• [MATERIAL PROVIDED]
- Opening Delimiter -
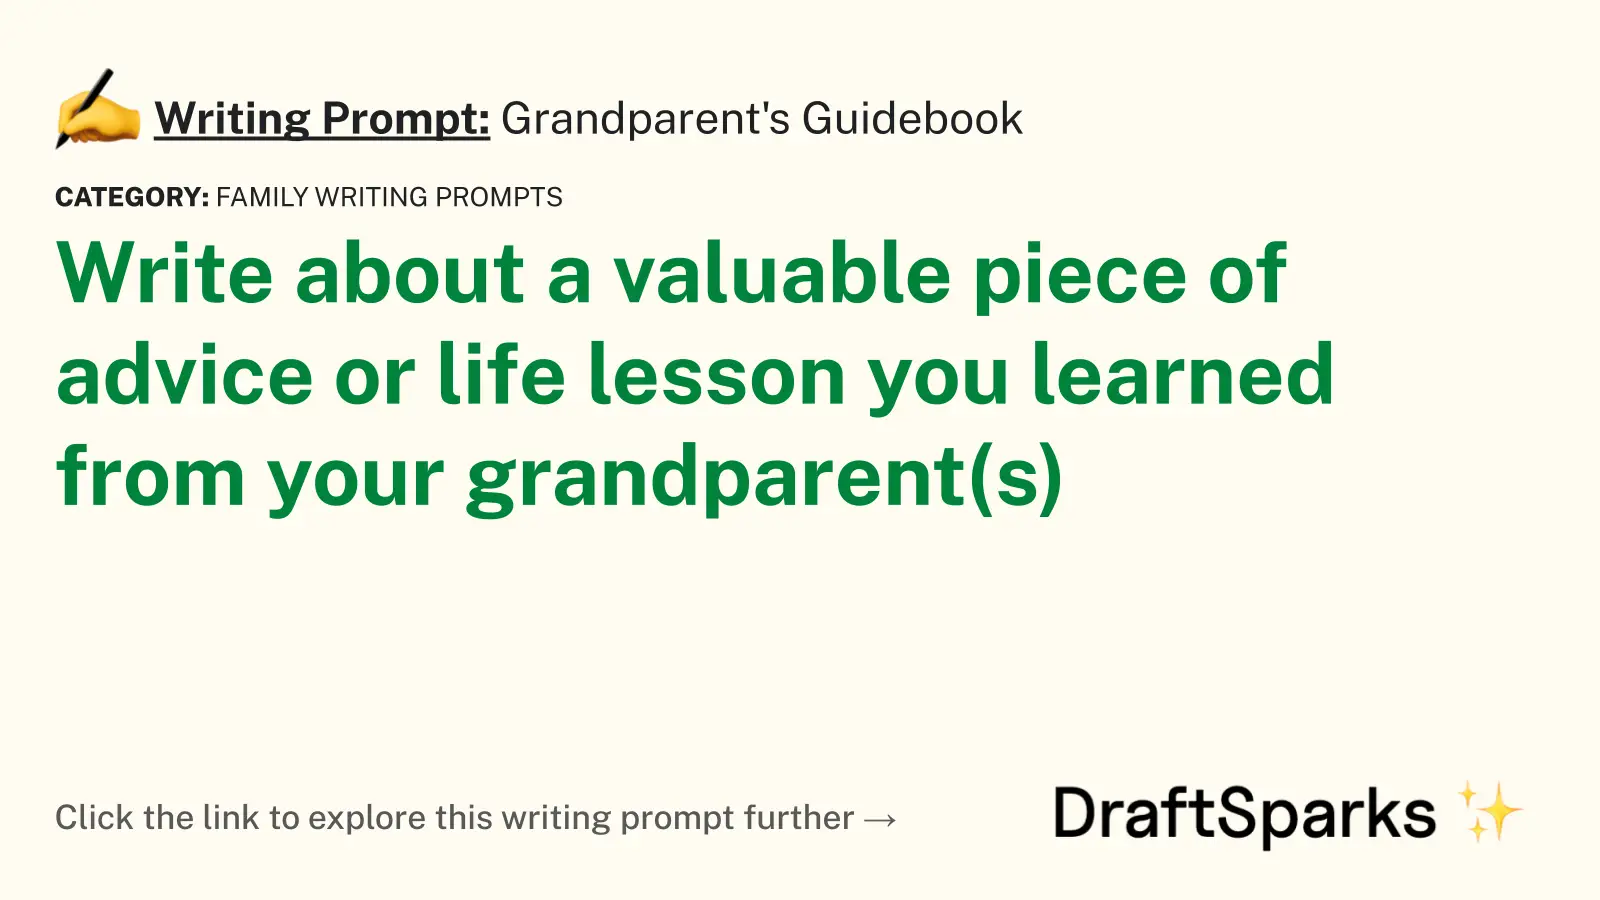 Grandparent’s Guidebook
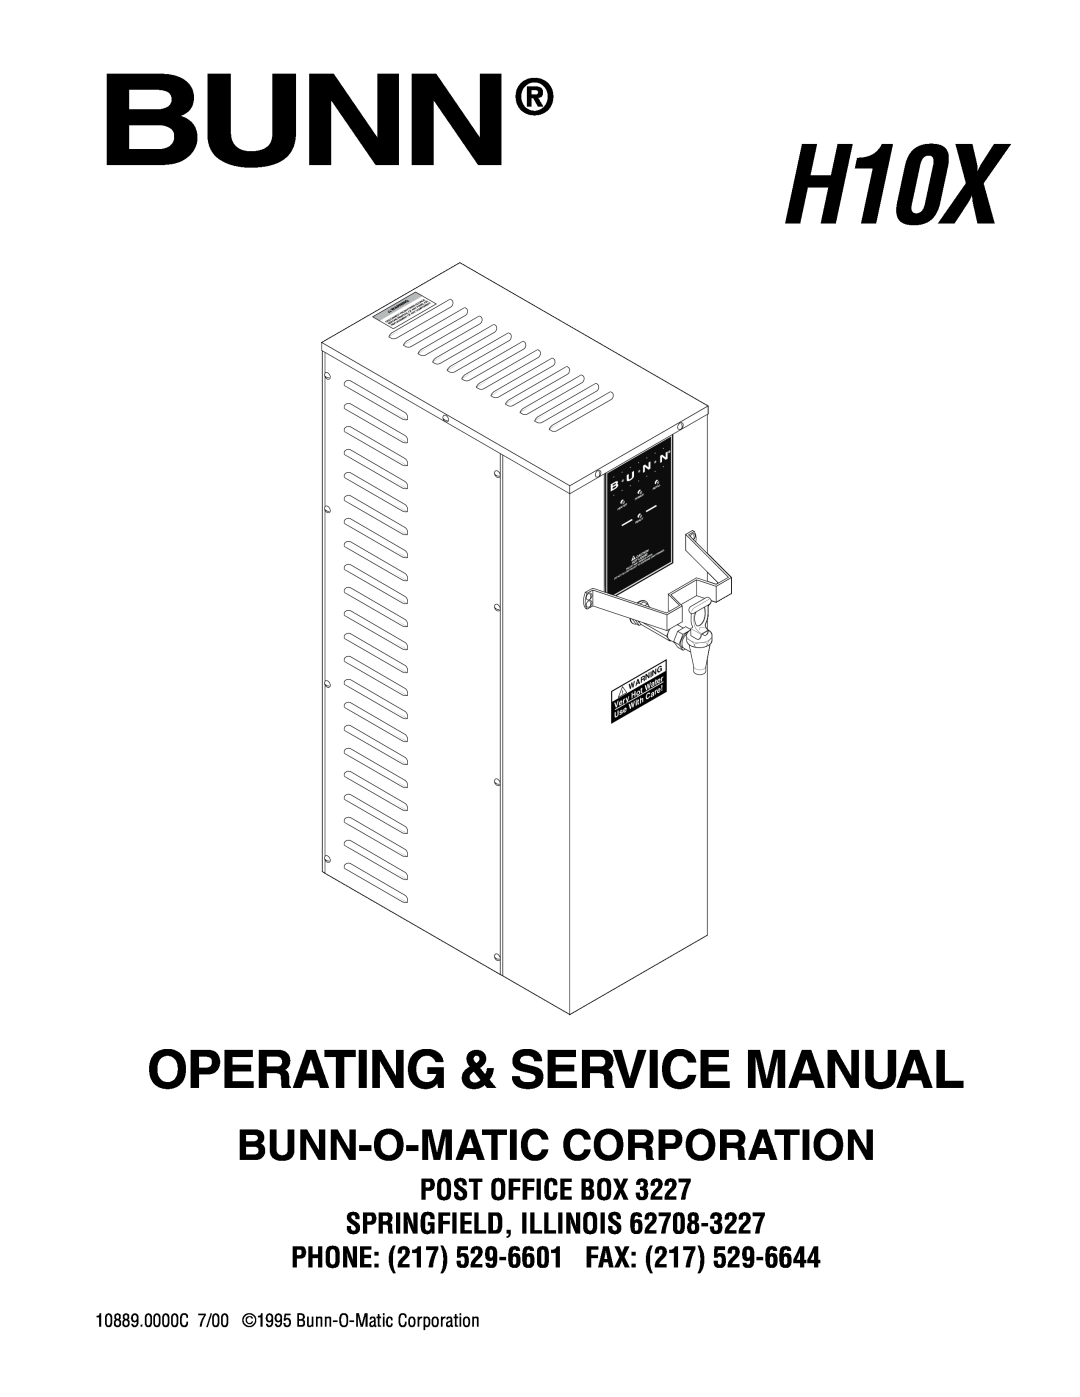 Bunn H10X manual Bunn-O-Matic Corporation, POST OFFICE BOX SPRINGFIELD, ILLINOIS PHONE 217 529-6601 FAX, VeryWith, Care 
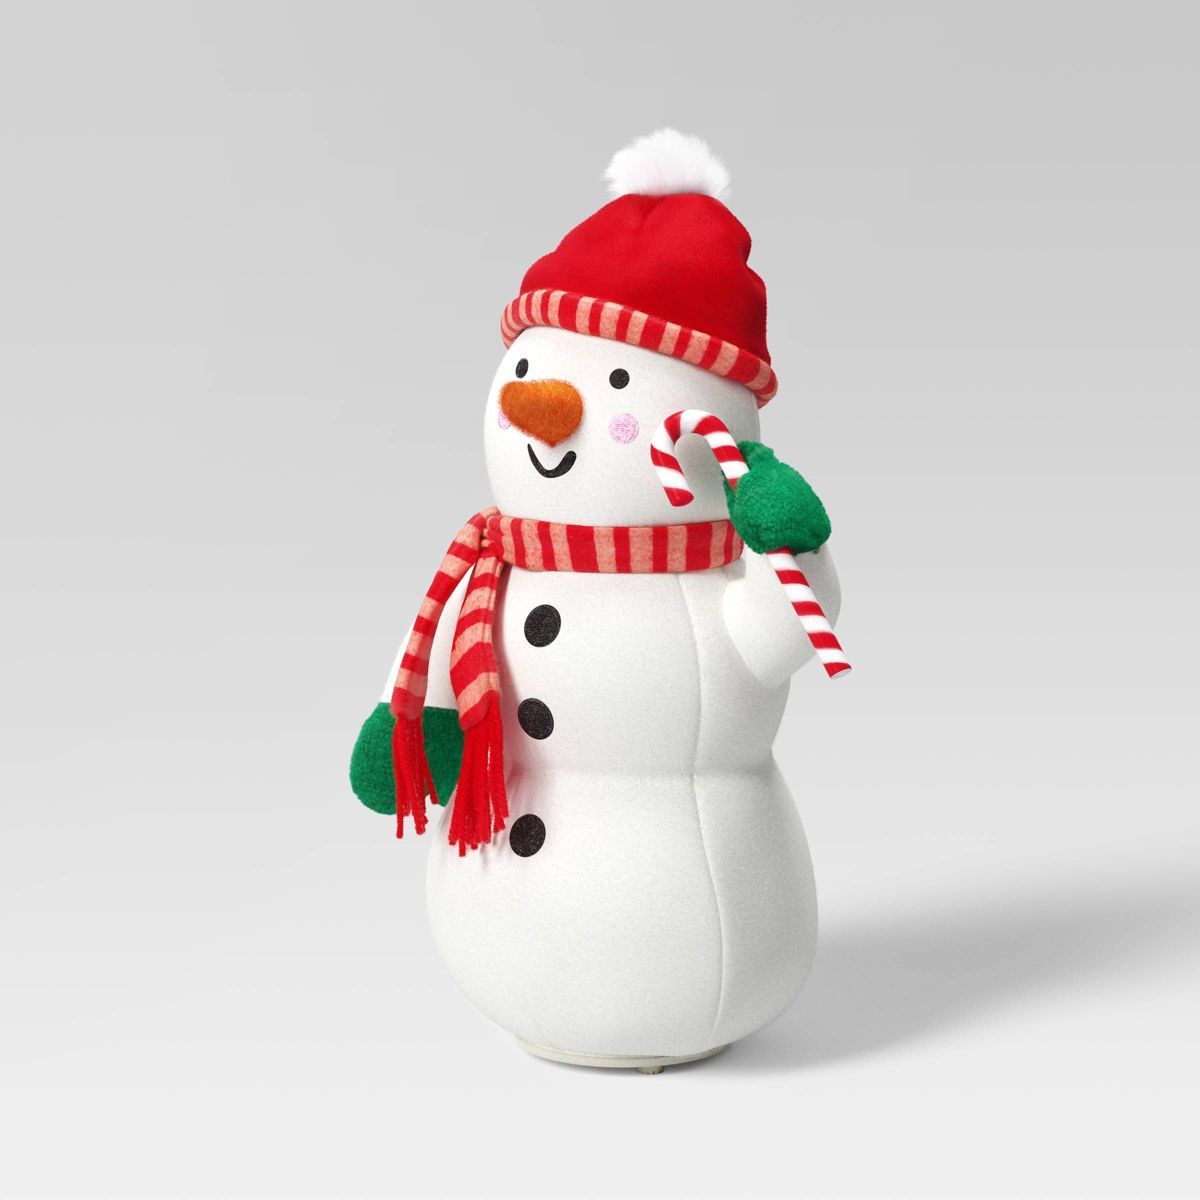 12.5" Battery Operated Animated Plush Snowman Christmas Figurine - Wondershop™ White | Target
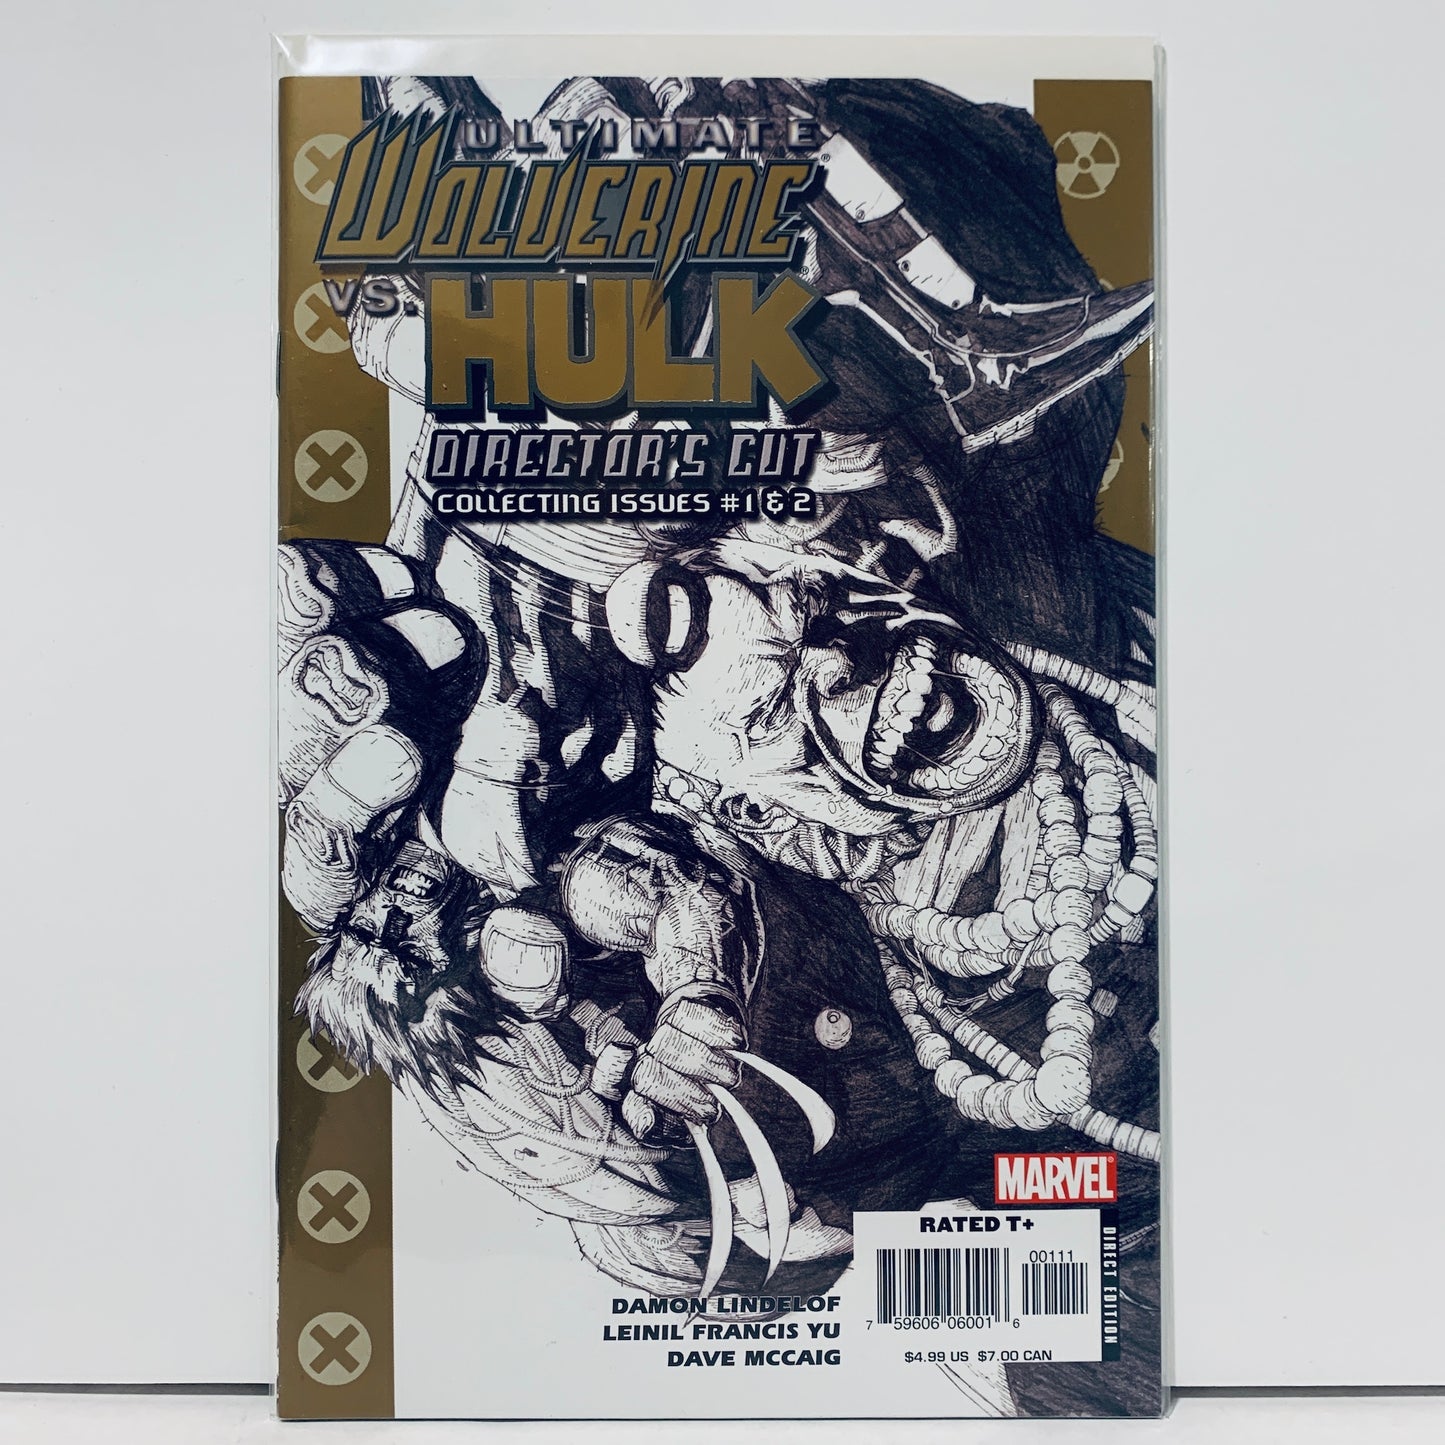 Ultimate Wolverine vs. Hulk Directors Cut (2006) #1 (VF)
- Closing Delimiter -
• [ACTIVITY] Exactly reproduce the lines beginning at the one that contains "White | Target" and ending at the final line of the material, with the pictures left out.

• [SOLUTION TO THIS TASK]
 12.5" Battery Operated Animated Plush Snowman Christmas Figurine - Wondershop™ White | Target
 Ultimate Wolverine vs. Hulk Directors Cut (2006) #1 (VF)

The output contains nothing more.